Girls Gone Wild  (GGW) is an adult entertainment franchise created by Joe Francis in 1997, who occasionally appears as the host of the videos.

Girls Gone Wild was known for its early use of direct-response marketing techniques, including its late-night infomercials that began airing in 1997. The videos typically involve camera crews at party locations engaging young college-aged women who expose their bodies or act "wild", especially during Spring break.
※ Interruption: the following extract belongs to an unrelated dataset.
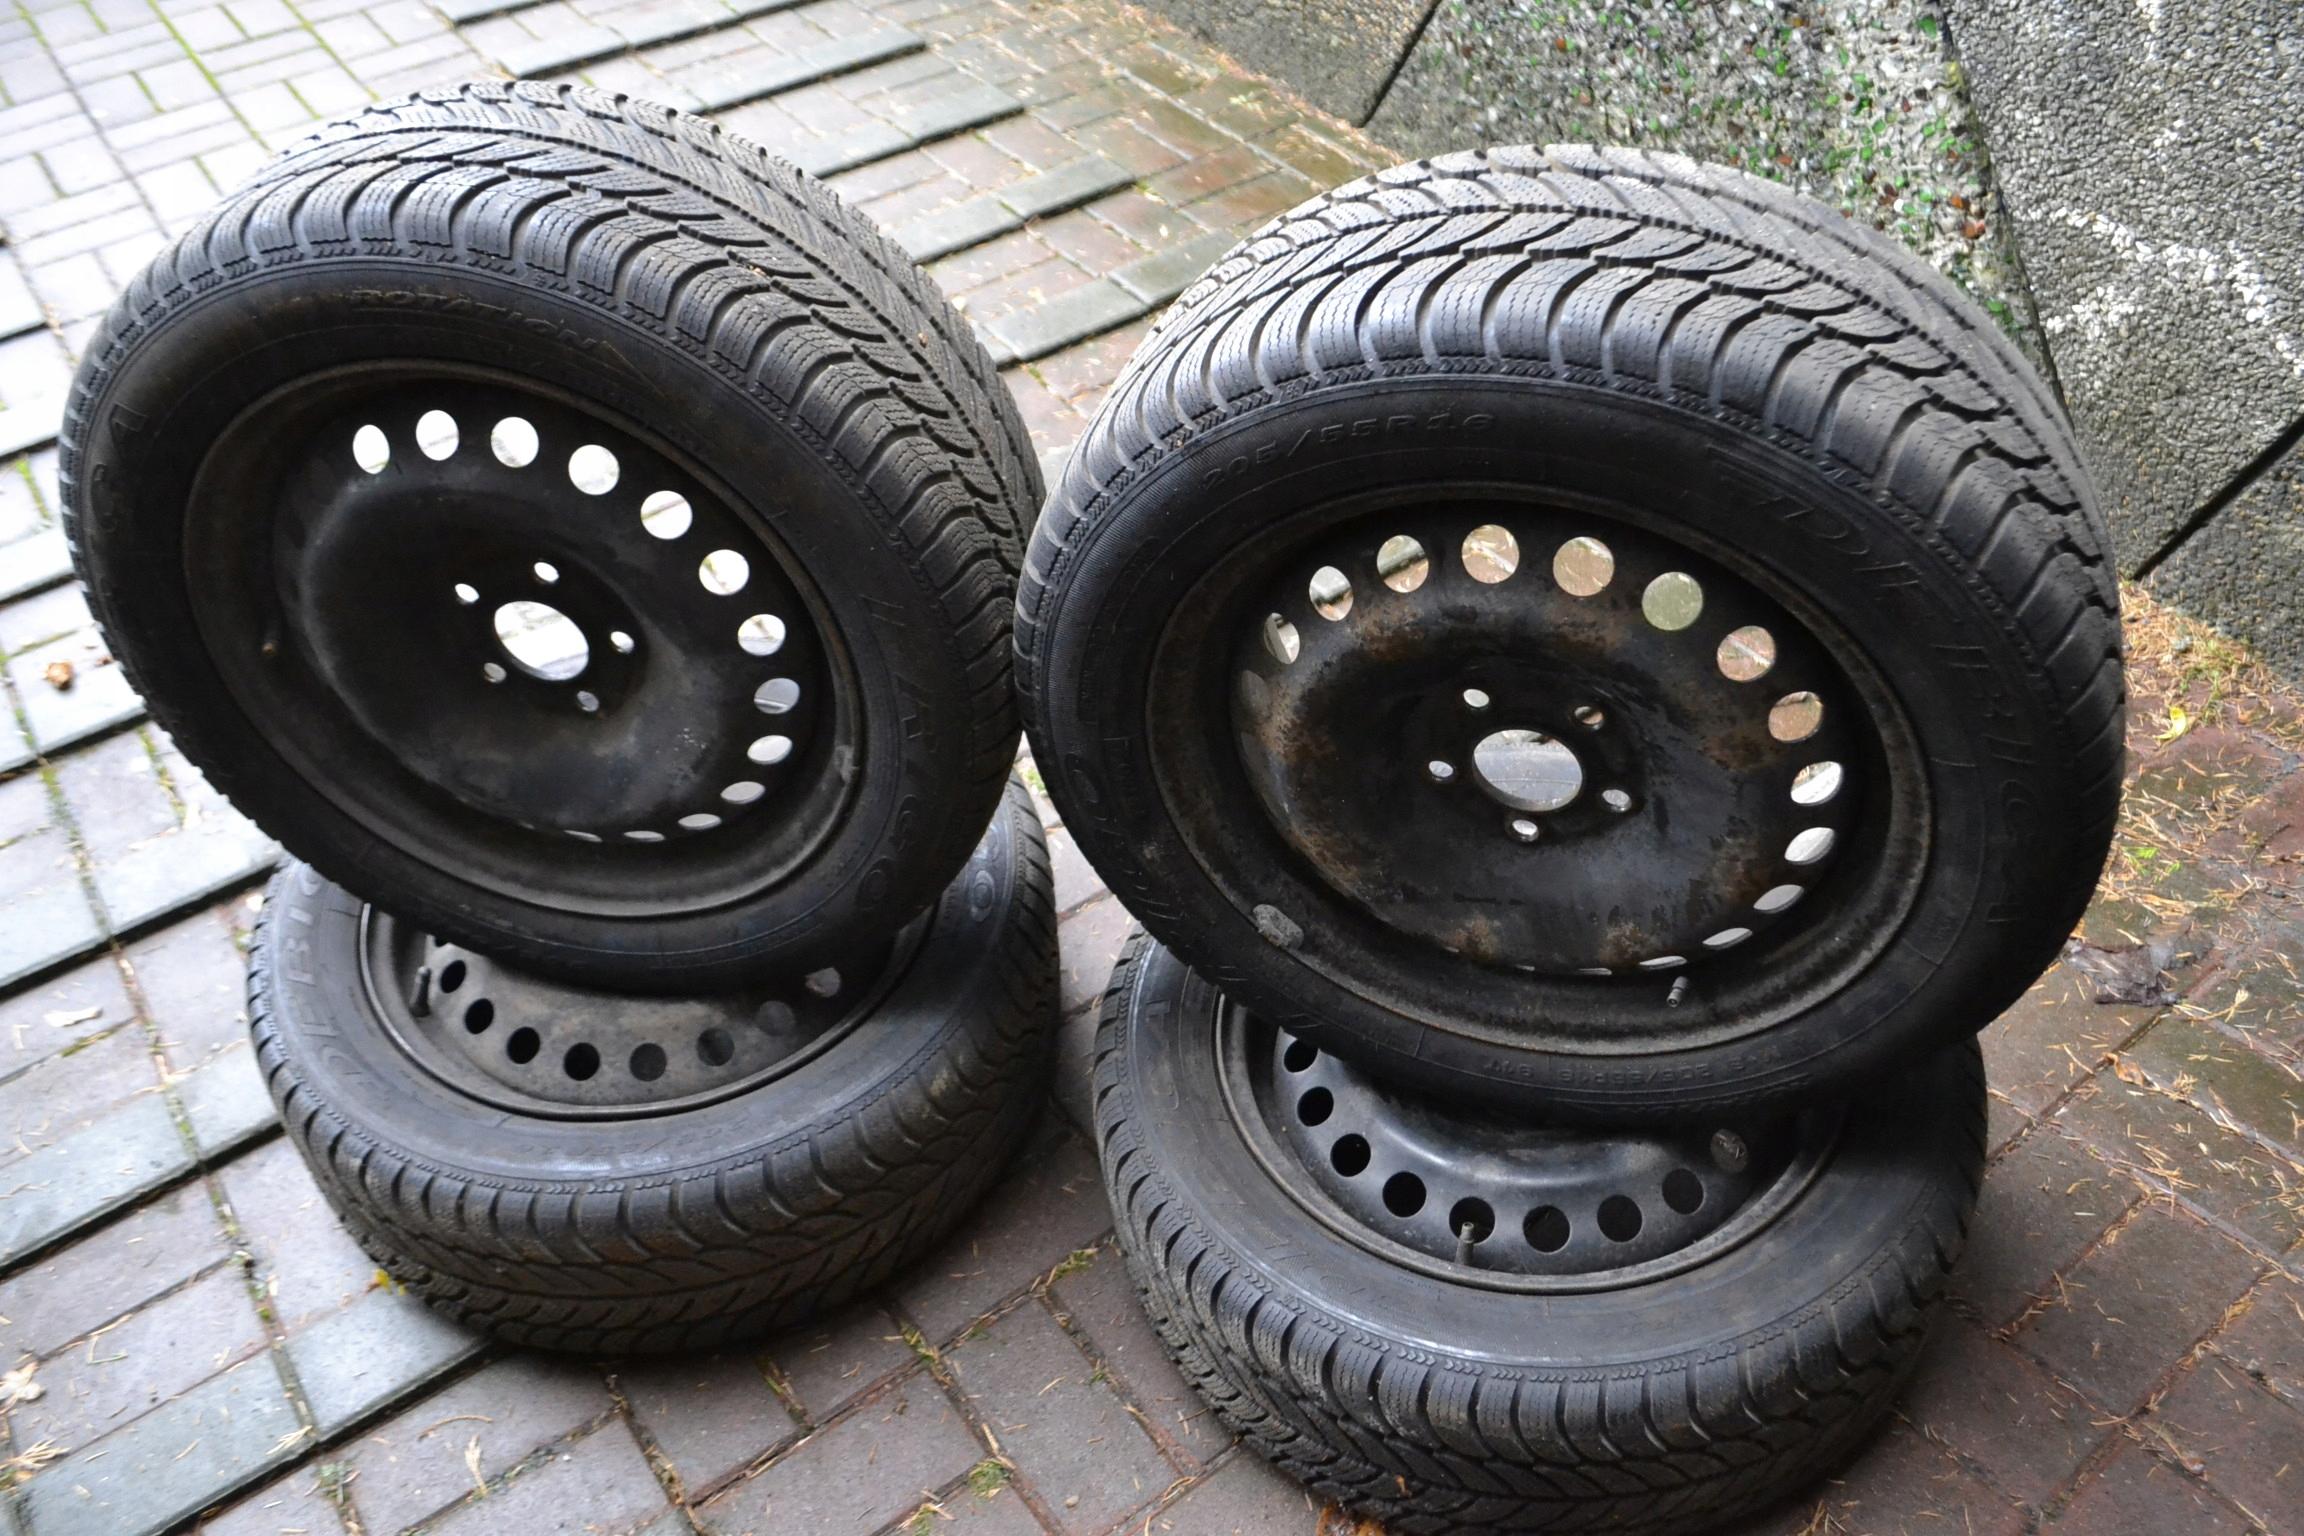 Felgi Opony Zimowe Ford Mondeo Mk3 20555 R16 7652672453

Since 2008, the Girls Gone Wild products have been sold primarily through their website as streaming videos, downloads, and DVDs.

In February 2013, the company filed for Chapter 11 bankruptcy.

In 2014, the company was sold to Bang Bros.

Background 
The first Girls Gone Wild film was released in 1997. In 2001 the company sold 4.5 million videos and DVDs. By the end of 2002, the company had produced 83 different titles and had begun airing 30-minute infomercials on E! Entertainment Television, Fox Sports Net, BET, Comedy Central, Tech TV, Style, and all other major U.S. networks. The infomercials targeted a late-night channel-surfing demographic that Joe Francis had identified in the late 1990s. According to TNS Media Intelligence, Girls Gone Wild spent more than $21 million in advertising in 2003, becoming the largest advertiser for programs on the E! channel. In 2008, Francis' net worth was approximately $150 million.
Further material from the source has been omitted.